There was nothing for Nia to do but sit beside her flowers and watch the water.
‘I’ll forget the church and those old yews,’ she muttered, thinking of her canvas, ‘and I’ll make T Llr and my garden.’ She wondered if she could persuade Mrs Griffiths to find yellow cloth. She had a feeling she would be offered a duster.
Happier now, and confident, she walked back to the house and risked a quick peep in her old home. She chose a window overhung with the blossom of two ancient plum trees that curved towards each other from either side. Ghosts of absent furniture stood against the walls; pale shapes on the stained and lived-in wallpaper: a cupboard, a dresser, a silent piano. The only three-dimensional furnishing now was a neat pile of torn paper in a corner. Home for a mouse!

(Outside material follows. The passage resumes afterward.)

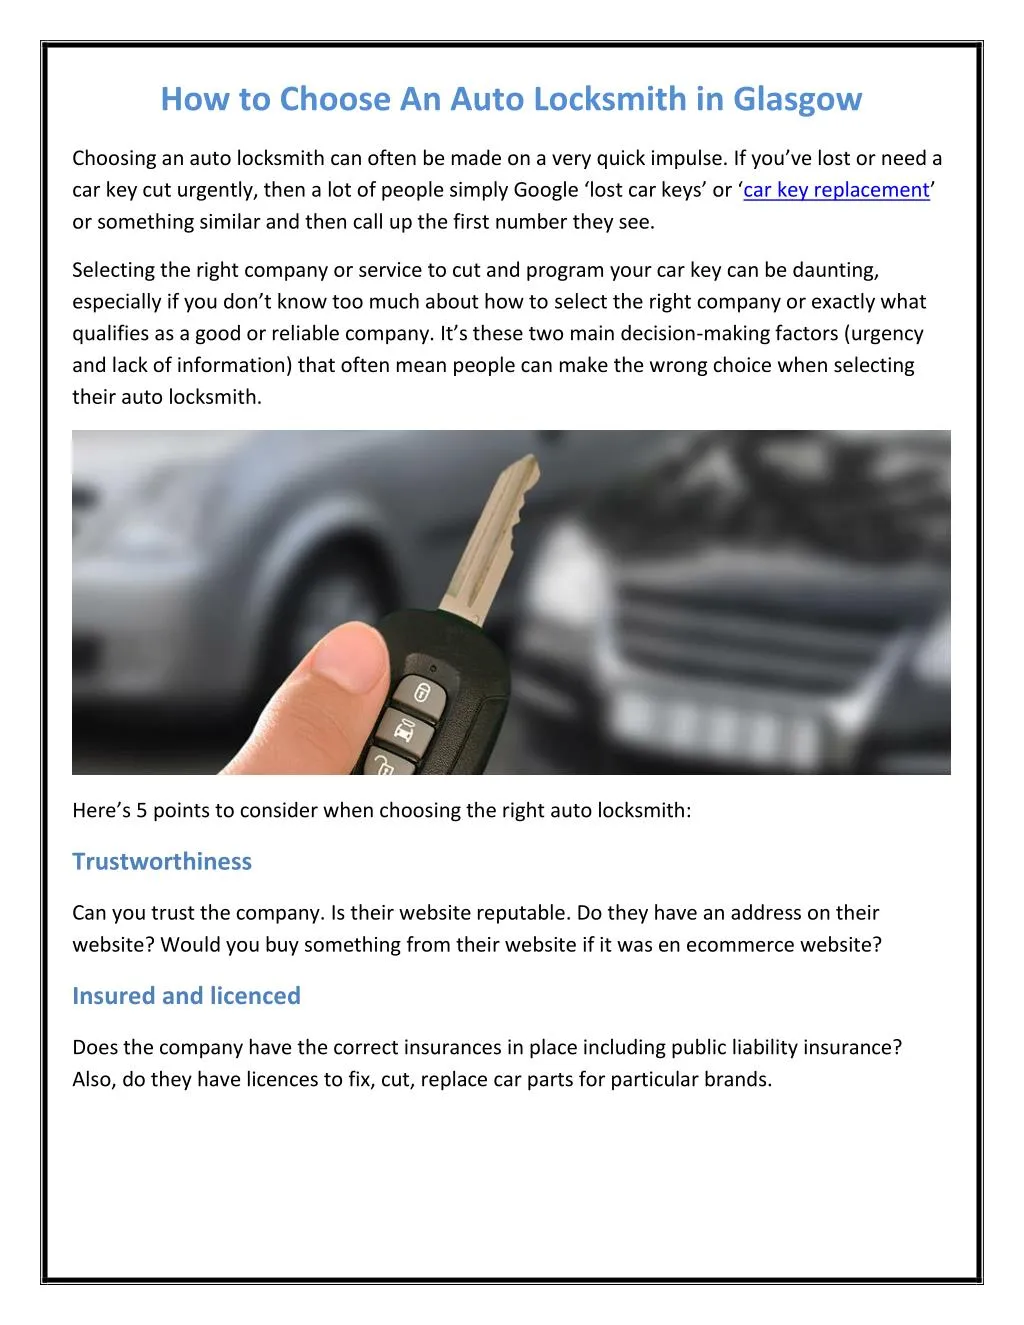 how to choose an auto locksmith in glasgow

As she stepped away from the window she almost trod on the soldier: a small knitted soldier with a red coat, a stripe of yellow buttons and a tall black hat. Not a Lloyd toy; she knew every one of those. Nia slipped the soldier into her pocket.

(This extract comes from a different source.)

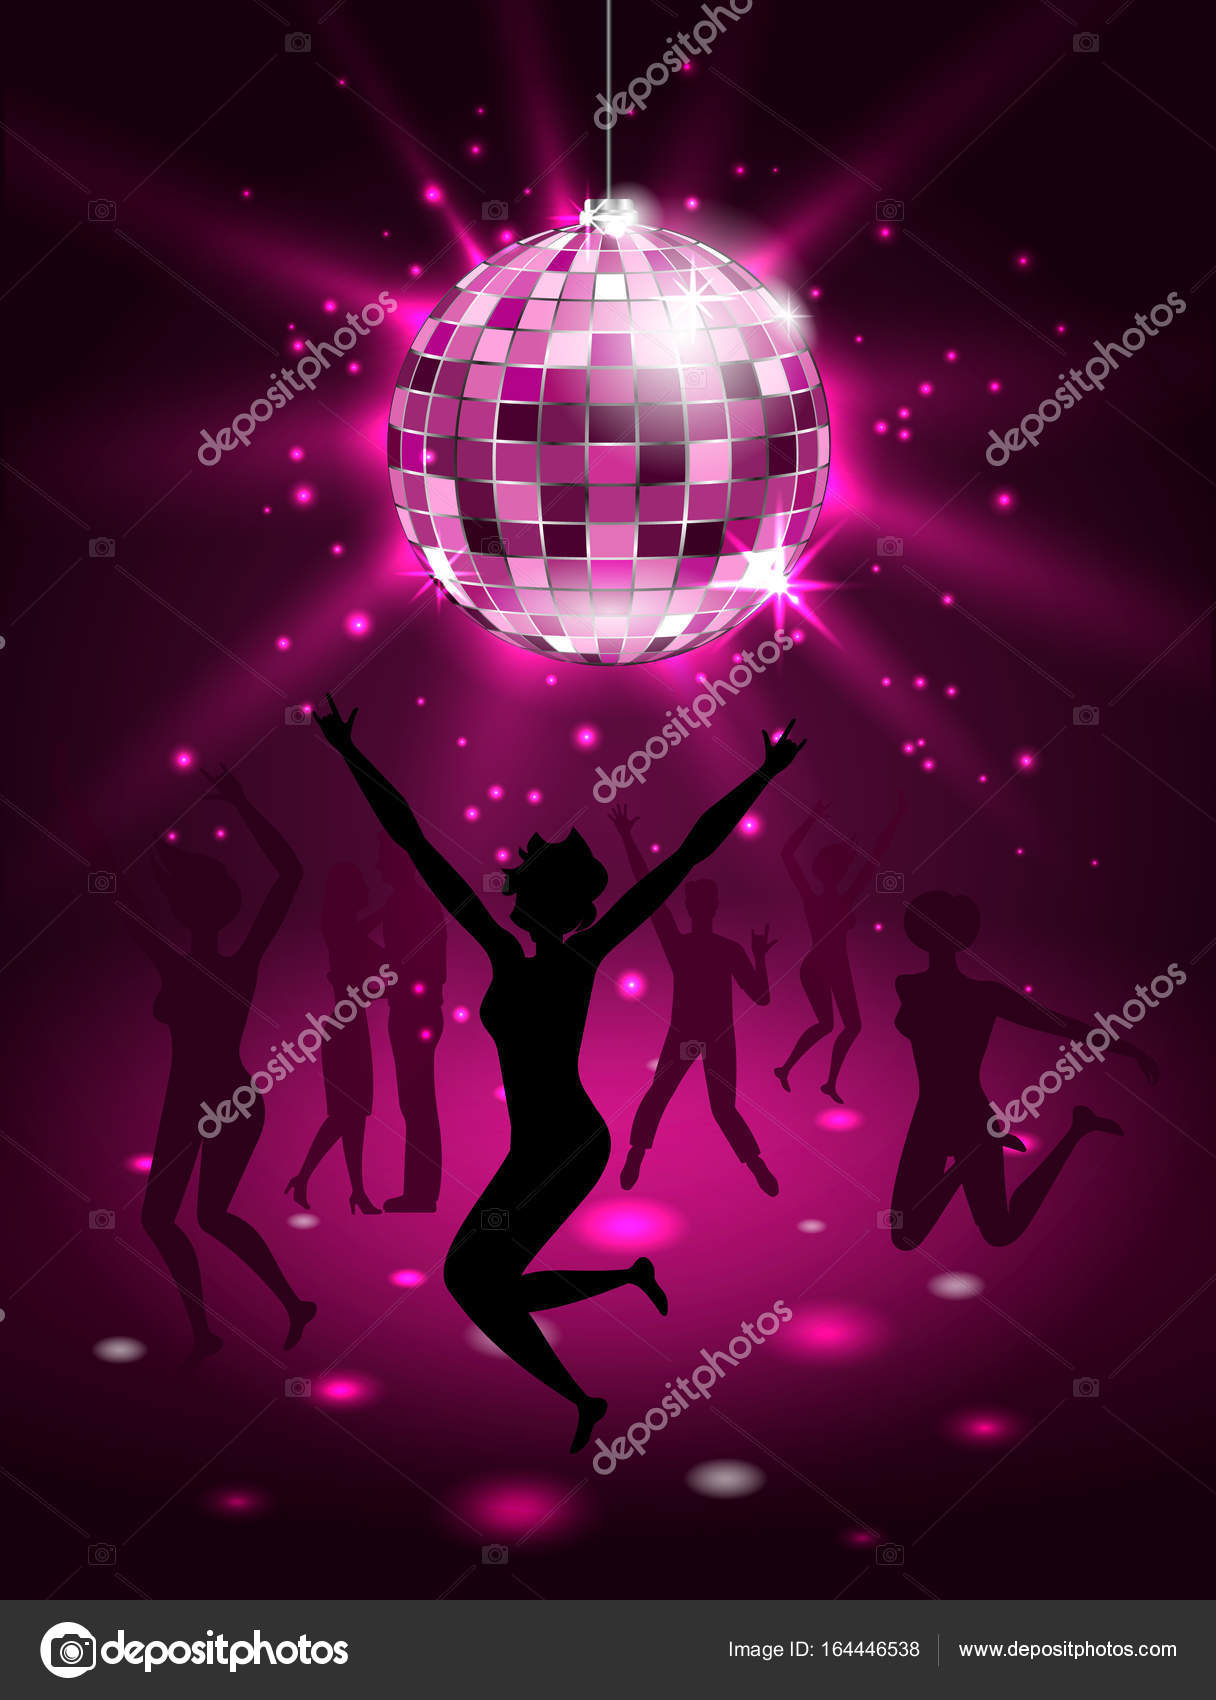 Silhouette People Dancing in Night-club, Disco Ball, Glitter Party ...

The two wood pigeons, bold as brass, were pecking in the yard. If Mr Butcher Lloyd had been there, he would have run for his gun. ‘Wood pigeons are a pest,’ he would say. ‘They’ll get my seed.’ If Mr Lloyd had been there, the pigeons would have left. But this year they would nest in the sycamore tree and there might be four or five pigeons living at T Llr. Nia wished she had remembered the crust.
She wandered out of the yard, closing the big gate out of habit, though now there was no reason to do so.

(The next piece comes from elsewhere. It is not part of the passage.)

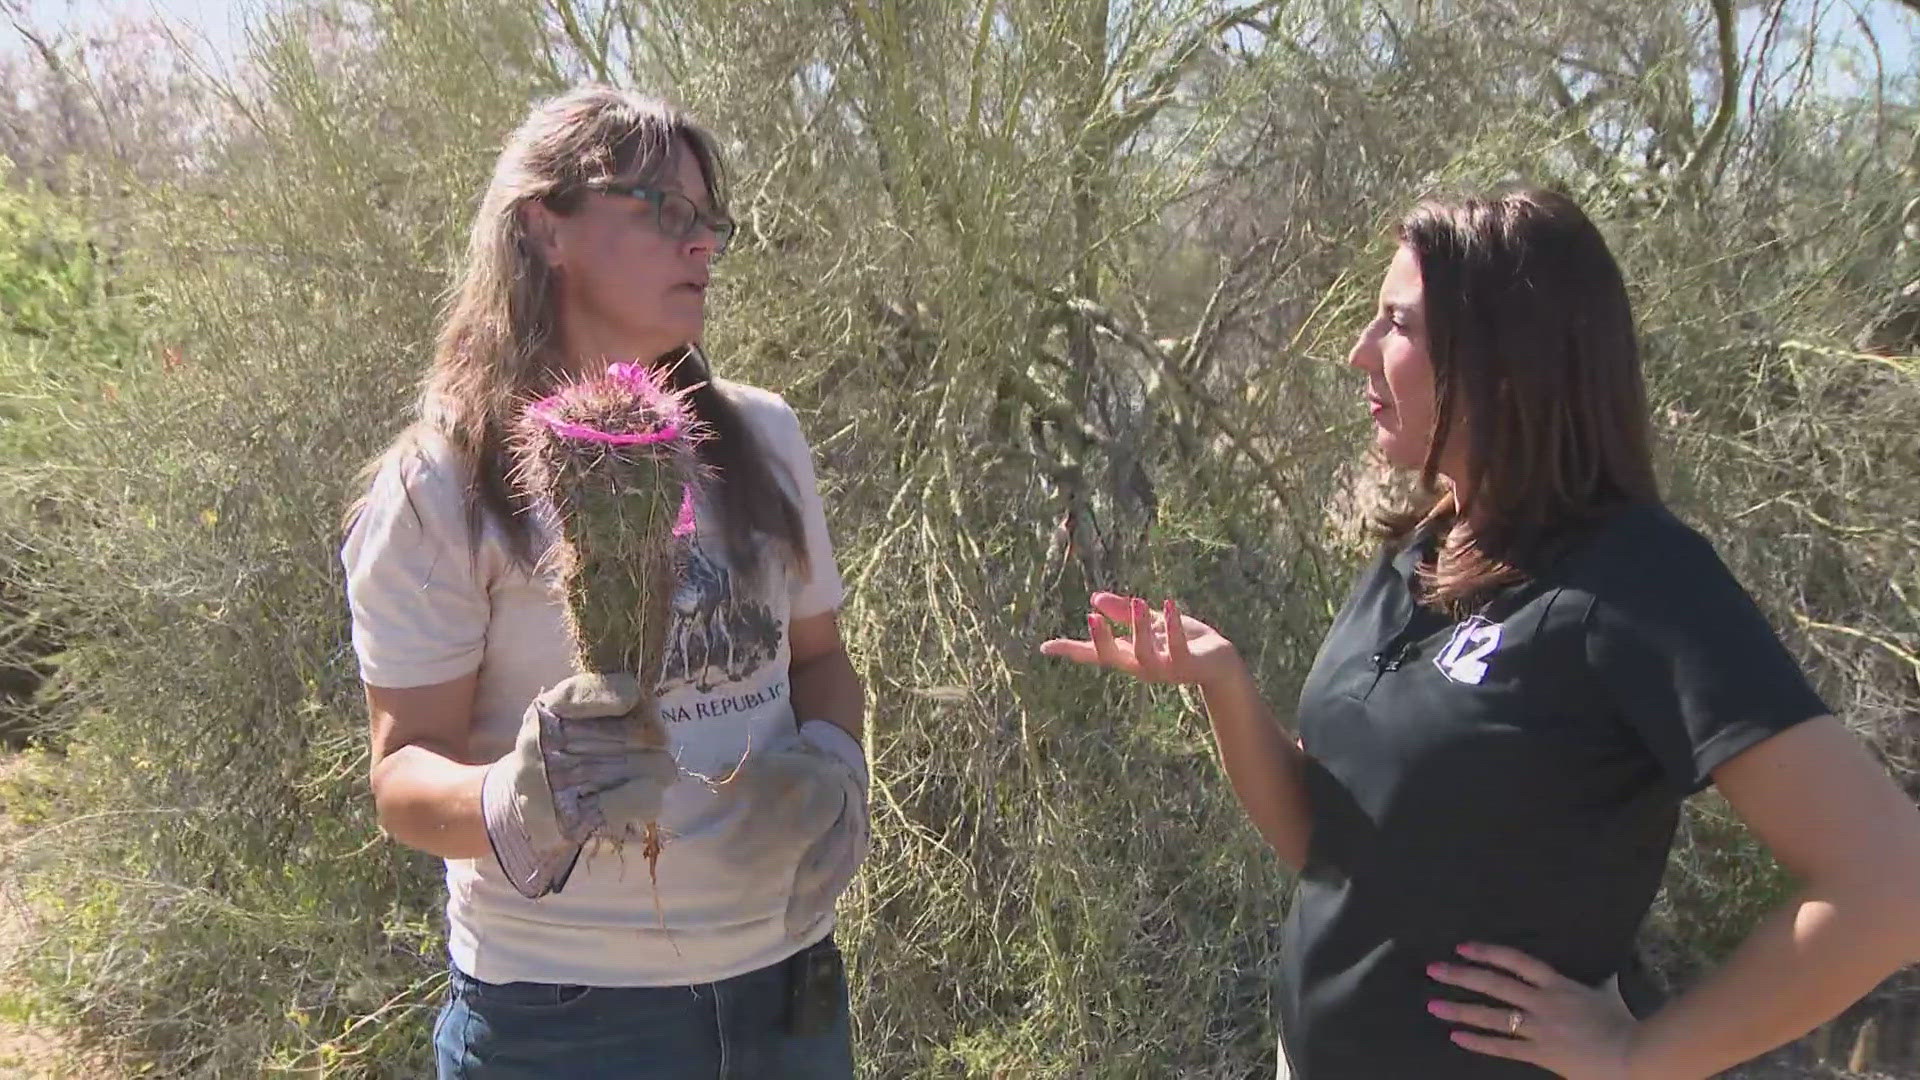 She may be an engineer by trade, but Jenny Vitale has another passion: cactus rescue.

Nain Griffiths was standing by her garden wall when Nia passed, as though she had been waiting. She was wearing a purple cardigan so bright it was almost shouting and there were pearly pink parrots swinging from her ears.
‘Hello!’ said Nia, over the wall.
‘Bore da Nia,’ returned Gwyn’s grandmother.
‘You know?’ said Nia, astonished.
‘I know my neighbours, don’t I?’ said old Mrs Griffiths.
‘But you knew which one I was; you knew I was Nia. Nobody ever knows me, I’m in the middle, see!’
‘Well, I know you, don’t I?’ The dark and wrinkled face came closer; pink birds quivering under grey-black curls. ‘I don’t know any of the others, but I know you!’
‘Oh!’ Nia stepped back, but not to be outdone she asked, ‘Have you been weeding my garden?’
‘Weeding?’
‘Yes. I’ve got poppies by the stream and someone has been caring for them, doing some gardening there. Was it you?’
‘Don’t you think I’ve got enough to do?’ Gwyn’s grandmother heaved a forkful of stringy weeds above the gate. A shower of mud and leaves flew into the air, some landing on Nia’s head.
‘Sorry!’ said Nia. ‘It was just a guess.’ It was not she who should have apologised she thought, but it was quite evident that old Mrs Griffiths did not regret showering her with mud. Nia began to run up the lane.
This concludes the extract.